In Bound by Exclusion and Violence: A History of Belarusian Armed Struggle in the Twentieth Century (published by University of Toronto Press, 2025) Aleksandra Pomiecko follows a group of Belarusian nationalists from the First World War through to the Cold War era to show how Belarus was a key hub of ideological and political conflict throughout the twentieth century. To mark its recent publication, Peripheral Histories? editor Siobhán Hearne spoke with Aleksandra about twentieth-century Belarusian history and the transnational archival research methodology that underpins this fascinating book.

 

PH: What motivated you to focus on Belarus and Belarusians to explore Europe’s violent and tumultuous twentieth century?

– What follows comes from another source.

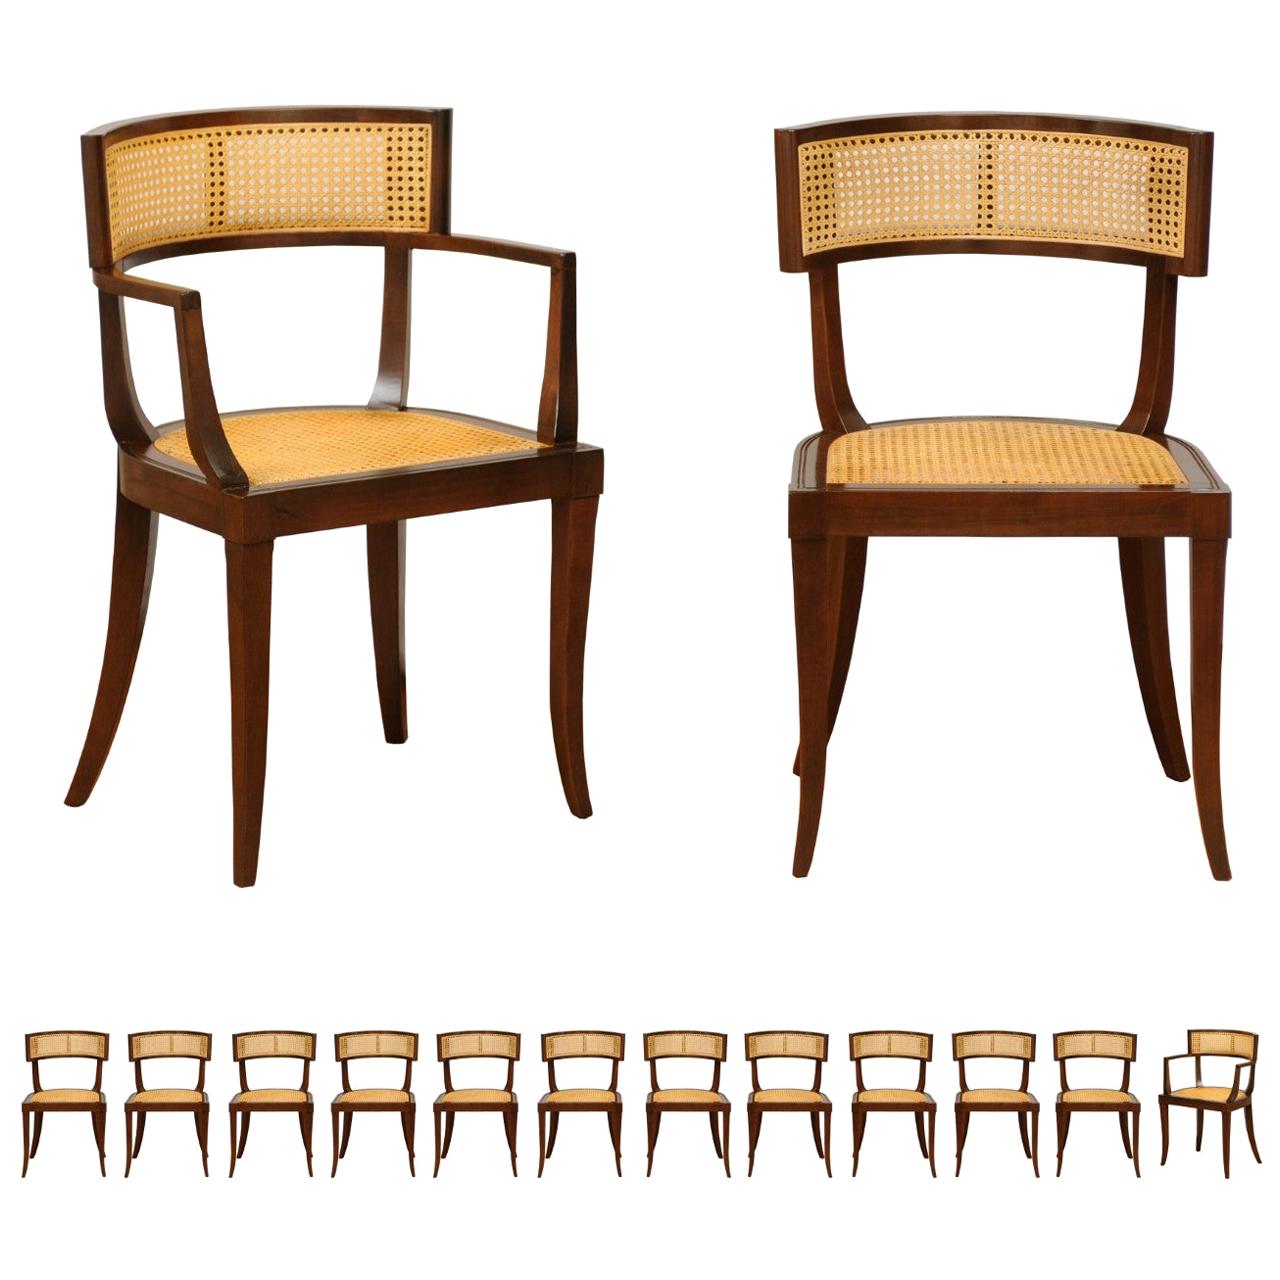 Exquisite Set of 14 Klismos Cane Dining Chairs by Baker, circa 1958, Cane Seats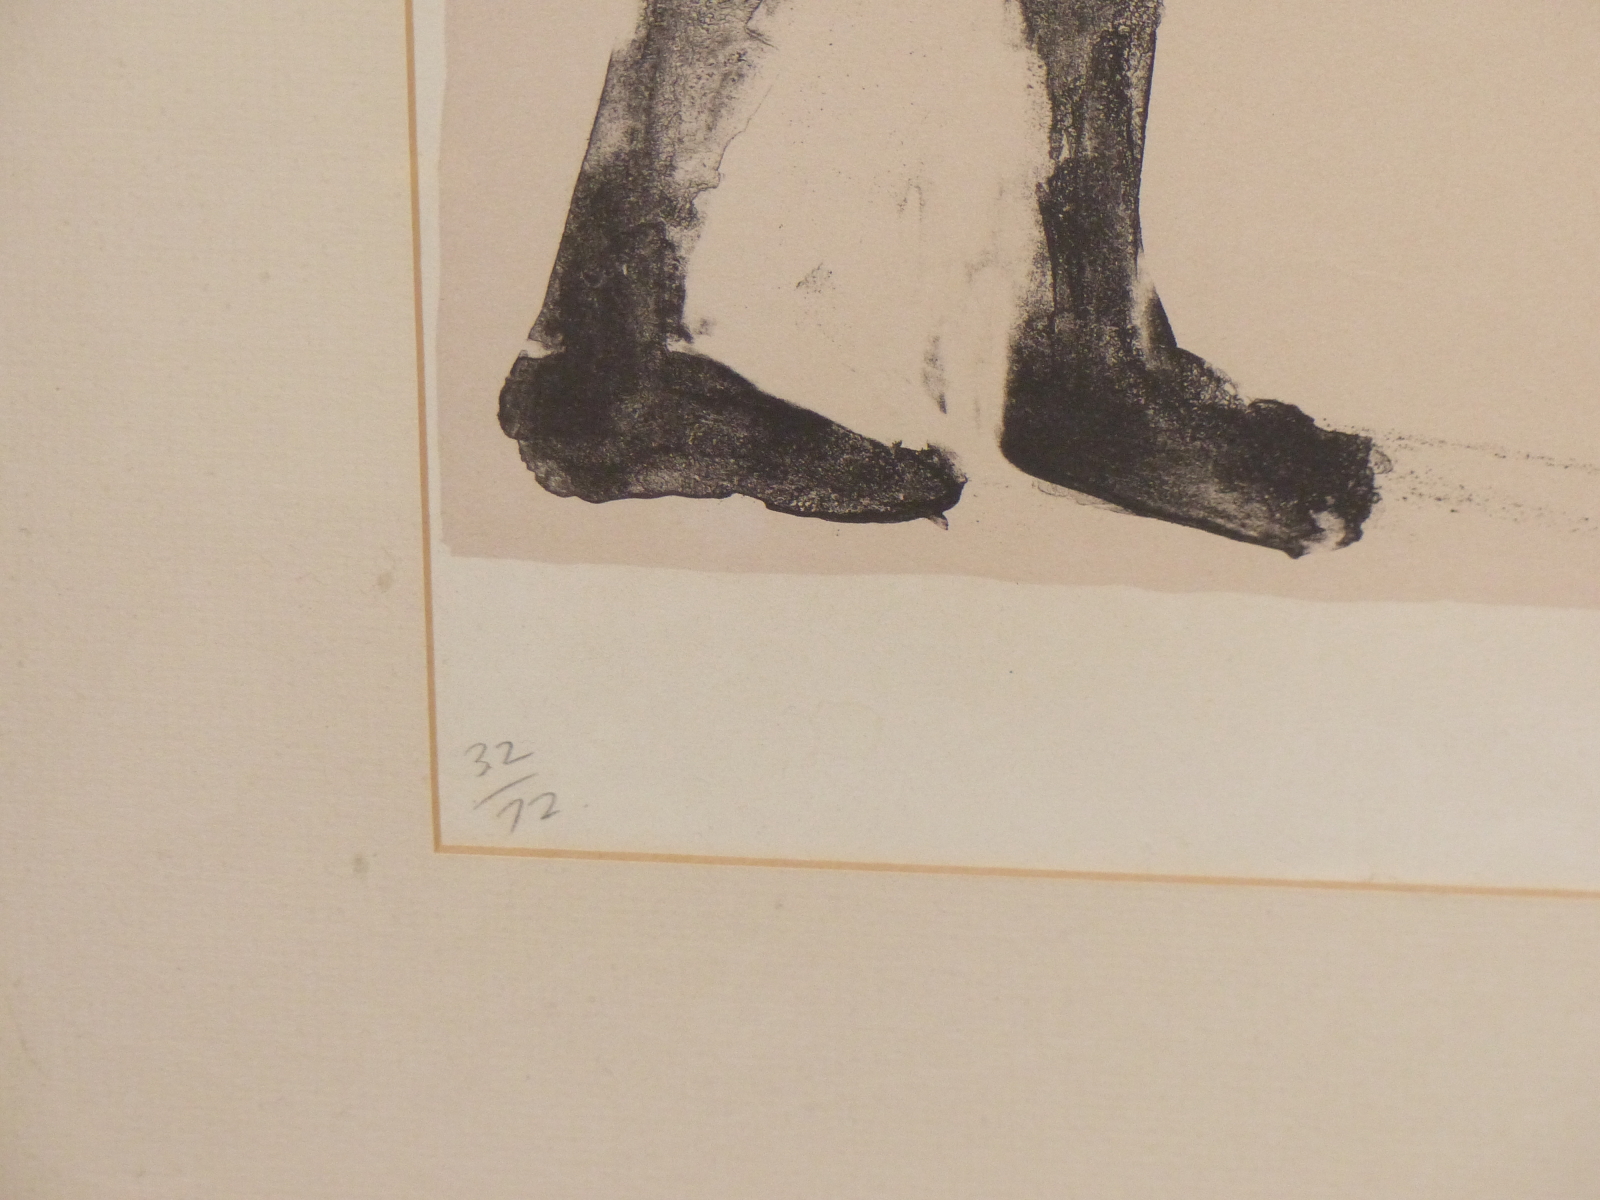 ELISABETH FRINK (1930-1993) ARR, CORRIDA FIVE, 1973, SIGNED IN PENCIL AND NUMBERED 32/72, 77x - Image 4 of 19

My interest in Belarus stemmed from my own lack of understanding of the country, and this became more evident to me during my undergraduate and MA studies. I was fortunate enough to meet with and take classes run by experts who focused on particular regions of Eastern Europe – especially Poland and Ukraine – but I rarely came across Belarus as the historical subject of study. When I began my doctoral studies at the University of Toronto, I decided to spend a summer in Minsk learning Belarusian, which further piqued my interest in the country’s past. I decided to try to merge my long-time interests in the study of war and conflict with Belarus as the setting. As I continued my archival research, I came to realize that although the story is about Belarus and Belarusians, the settings were multiple, and this drew Belarus into more global aspects of the world wars.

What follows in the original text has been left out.